Seder-Teller aus Marktredwitz. „Von der Sklaverei zur Freiheit – Dieses Jahr in Jerusalem“ lautet die hebräische Inschrift am Rand. Oben ein Hinweis auf den Auftraggeber „Zentrales Komitee in München“. Auf der Rückseite: „Hergestellt vom Rest der Geretteten in der Diaspora in Deutschland“. (Foto: Jüdisches Museum München)

Die im Fichtelgebirge gelegene Stadt Marktredwitz galt lange Zeit als eines der Zentren der deutschen Porzellan-Industrie. Weltbekannte Traditionsbetriebe wie Thomas oder Rosenthal stellten seit Ende des 19. Jahrhunderts edles Tafelservice, aber auch technische Keramik her. Dass in der unmittelbaren Nachkriegszeit hier auch Teller und Tassen von jüdischen Handwerkern für den „Rest der Geretteten“, wie sich die entwurzelten und verschleppten Juden in Deutschland nannten, gebrannt wurden, ist indessen kaum bekannt.

Überall in Bayern waren ab Sommer 1945 auf Anordnung von US-Präsident Truman „Assembly Centers“ entstanden, wie sie etwa in Föhrenwald, Pocking, Bamberg, München, Hof oder Landsberg nachweisbar sind – in denen teilweise Tausende von jüdischen Bewohnern lebten. In Marktredwitz bestand von 1945 bis zum Anfang der 1950er Jahre eine bis zu 240 Mitglieder umfassende jüdische Gemeinschaft. Für einige Jahre kam es in diesen „Wartesälen“ zu einer Wiedergeburt des nahezu zerstörten osteuropäischen Schtetl-Lebens mit sozialen und politischen Organisationen, Schulen, Lehrwerkstätten, Zeitungen, Sportvereinen und natürlich Synagogen.

Nicht nur für die strenggläubigen Juden war es ein elementares Bedürfnis, auch im „Land der Täter“ ihre Religion auszuüben und die traditionellen Feiertage zu begehen, die vor der Entrechtung durch die nationalsozialistische Barbarei ihr Leben prägten. Einer der wichtigsten Tage war dabei das Freiheitsfest Pessach, das man geschickt mit der Idee einer jüdischen Nation verknüpfte. Ein spezieller Seder-Teller, auf dem symbolische Speisen drapiert werden, ist dafür unabdingbar: ein Bitterkraut (Marot) als Zeichen für die Knechtschaft in Ägypten, ein Stück Lammkeule (Seora), das an die Opferung eines Lamms erinnert, eine Paste aus Apfel, Feigen und Nussstückchen (Charosset) als Symbol für die Ziegel, die die Israeliten in der Knechtschaft herstellen mussten, ein zweites Bitterkraut (Chaseret), eine Erdfrucht (Karpas), die für die harte Arbeit in der Sklaverei steht und ein Ei (Bejtza), welches an die Fruchtbarkeit, aber auch an die Trauer über den zerstörten Tempel in Jerusalem erinnern soll.

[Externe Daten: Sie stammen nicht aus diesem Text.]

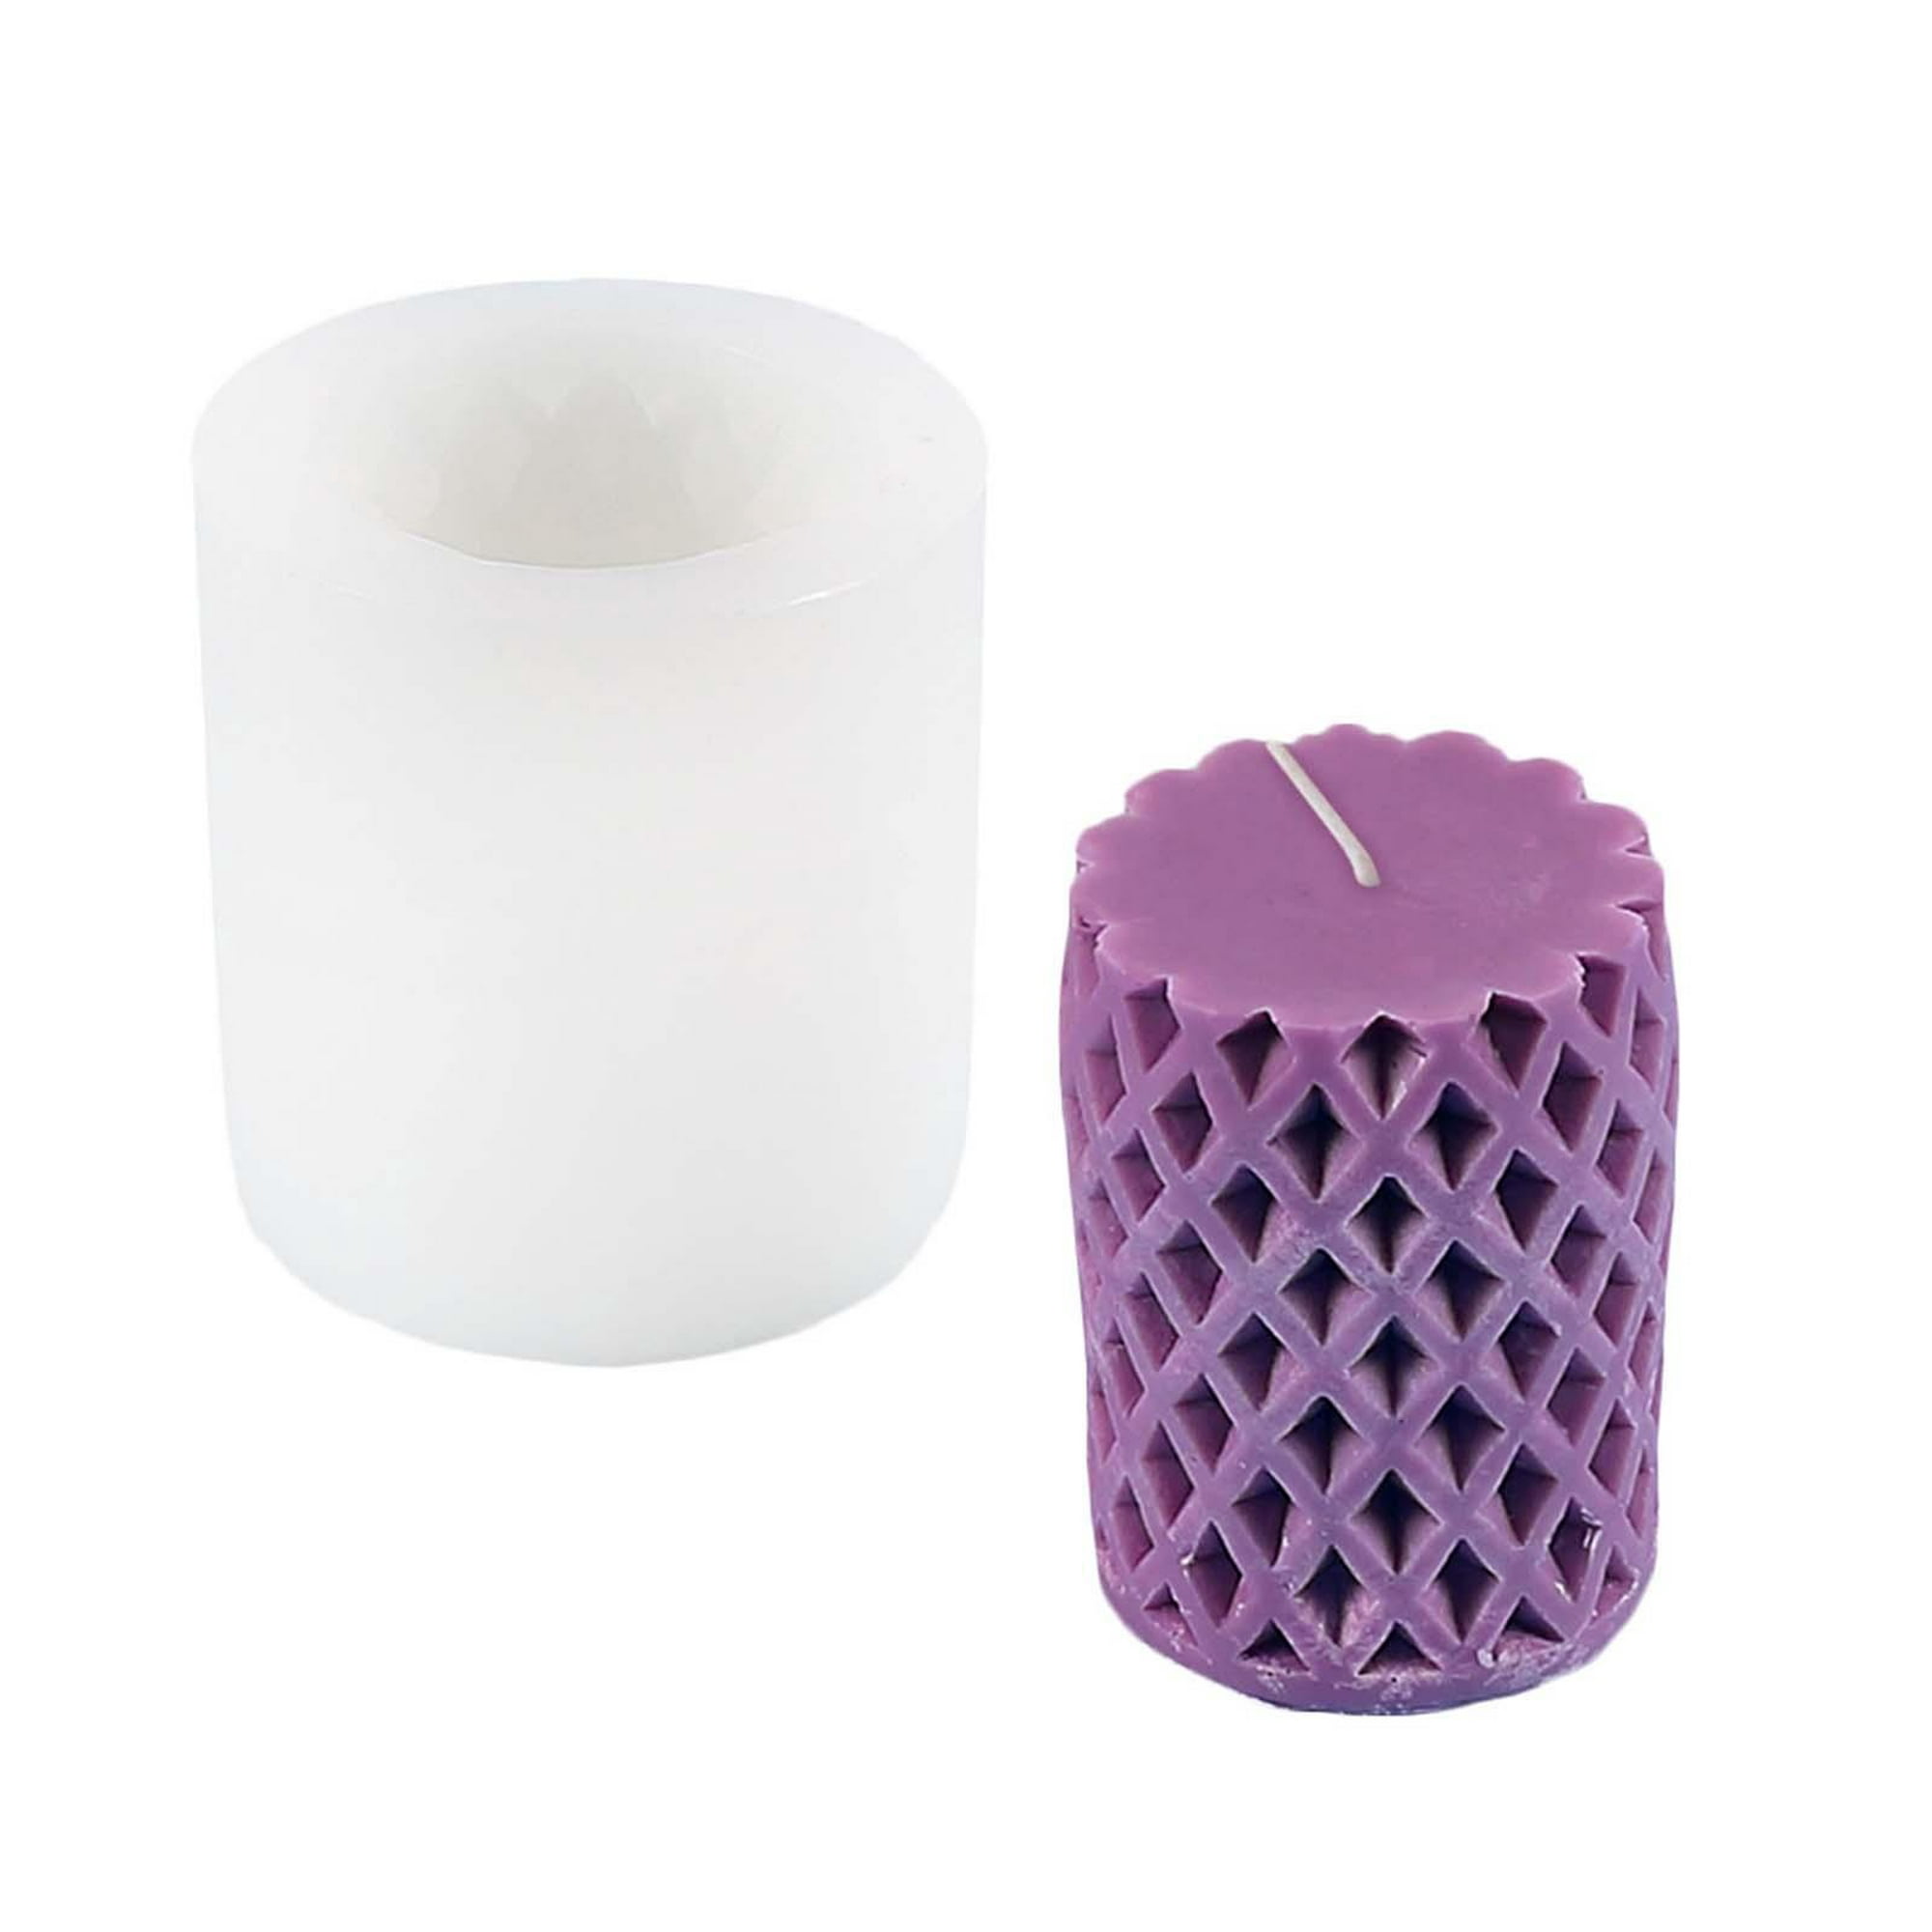 3 moldes de vela de silicona para hacer velas, moldes de resina, kit de  silicona cilíndrica de fundición epoxi, 3 tamaños, moldes de silicona para

Für das Pessach-Fest 1948 produzierte die Werkstatt in Marktredwitz Tausende solcher rituellen Platten, versehen mit einer hebräischen Inschrift und einer Bebilderung: „Von der Sklaverei“ (jüdische Sklaven, die ägyptische Pyramiden bauen) „zur Freiheit“ (eine friedliche Stadtansicht mit Palmen in Palästina).

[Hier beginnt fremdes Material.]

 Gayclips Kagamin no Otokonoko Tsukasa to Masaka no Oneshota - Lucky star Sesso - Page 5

Ein Wunsch, der am 14. Mai 1948 mit der Proklamation des Staates Israel durch den ersten Ministerpräsidenten David Ben Gurion in Erfüllung ging. Außerdem liberalisierten die USA, Kanada und Australien zum Ende der Dekade ihre Einwanderungsvorschriften, sodass die meisten Juden die „Wartesäle“ verlassen konnten – im Gepäck befand sich oft ein in Marktredwitz gebrannter Seder-Teller.

Quellen:

Zeitungsartikel aus der amerikanisch-jüdischen Presse, Schriftwechsel und Berichte. American Jewish Joint Distribution Committee Archives, New York (45/54 Germany).